With your neighbor (5 min): Practice selection methods

# Using our CAMulator sample dataset
ds = xr.open_dataset('camulator_sample.nc')

# Tasks:
# 1. Select the last time step using .isel()
# 2. Select all data from model day 3 using .sel()
# 3. Select TREFHT at latitude=40°N, longitude=255°E (nearest)
# 4. Select a time slice: model days 2-5
# 5. What happens if you try ds.sel(time=5)?  Why?

Answers:

# 1. Last time step
last = ds['TREFHT'].isel(time=-1)

# 2. Model day 3
day3 = ds['TREFHT'].sel(time='0001-01-03')

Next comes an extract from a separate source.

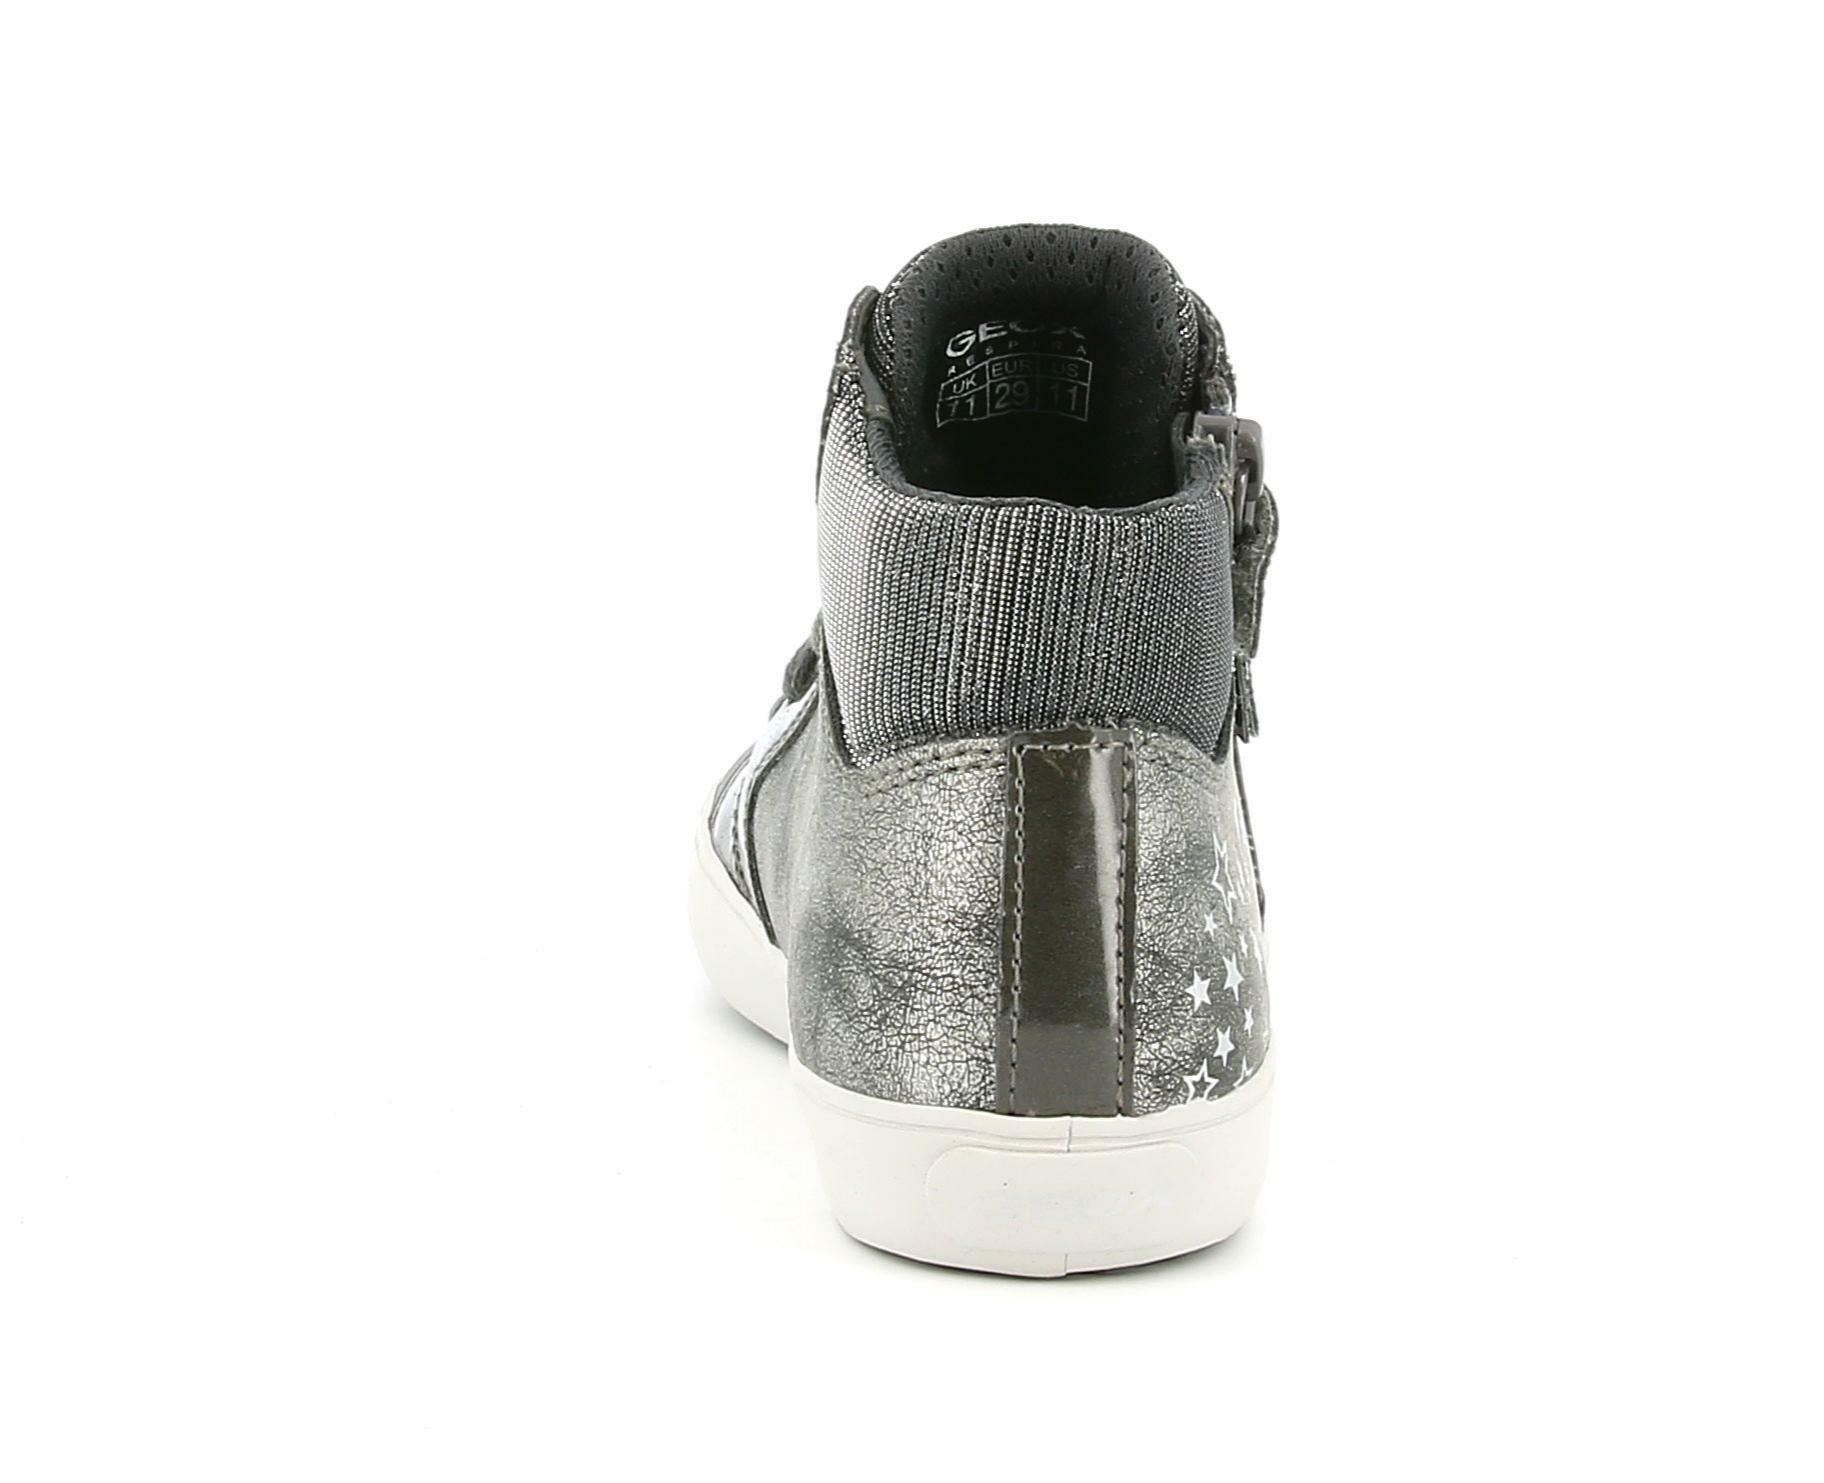 geox geox j gisli g. d j024nd 054pv c9002 grigio calzature sportive bambina

# 3. Specific point (nearest neighbor)
# CAMulator uses 0-360° longitude: -105°W = 255°E
point = ds['TREFHT'].sel(latitude=40, longitude=255, method='nearest')

# 4. Time slice
days2_to_5 = ds['TREFHT'].sel(time=slice('0001-01-02', '0001-01-05'))

# 5. This fails! Because 5 is an index, not a coordinate value
# ds.sel(time=5)  # KeyError: 5 not in time coordinates
# Should use: ds.isel(time=5) or ds.sel(time='0001-01-06')

Operations & Computations

Reductions Along Dimensions

Specify which dimension(s) to reduce over:

# Time mean (for each grid point)
time_mean = ds['TREFHT'].mean(dim='time')
print("Time-averaged TREFHT (one value per grid point):")
print(f"Shape: {time_mean.shape}")
print(time_mean)

print("\n" + "="*60 + "\n")

# Spatial mean (for each time)
spatial_mean = ds['TREFHT'].mean(dim=['latitude', 'longitude'])
print("Spatially-averaged TREFHT (time series):")
print(f"Shape: {spatial_mean.shape}")
print(spatial_mean.values)
Time-averaged TREFHT (one value per grid point):
Shape: (96, 144)
<xarray.DataArray 'TREFHT' (latitude: 96, longitude: 144)> Size: 55kB
array([[244.27246, 244.44702, 243.88583, ..., 244.99138, 244.55624,
        244.99077],
       [247.03577, 247.36443, 247.00125, ..., 247.90244, 247.47116,
        247.16496],
       [247.36038, 247.13904, 246.65787, ..., 248.20163, 247.74532,
        247.38974],
       ...,
       [248.94681, 248.57193, 248.46635, ..., 248.75125, 248.85898,
        248.78418],
       [246.23418, 245.61032, 245.33566, ..., 246.41048, 246.27267,
        246.22623],
       [244.24028, 243.97885, 243.56596, ..., 244.83086, 244.46884,
        244.15923]], shape=(96, 144), dtype=float32)
Coordinates:
    level      int64 8B ...
  * latitude   (latitude) float32 384B -90.0 -88.12 -86.23 ... 85.29 87.17 89.06
  * longitude  (longitude) float32 576B 0.0 2.5 5.0 7.5 ... 352.5 355.0 357.5

============================================================

Spatially-averaged TREFHT (time series):
Shape: (10,)
[276.81354 276.8283  276.76266 276.67728 276.73184 276.75296 276.72833
 276.72208 276.6905  276.59946]

Key difference from NumPy:

  • NumPy: arr.mean(axis=1) → Have to remember which axis is which
  • xarray: da.mean(dim='latitude') → Crystal clear!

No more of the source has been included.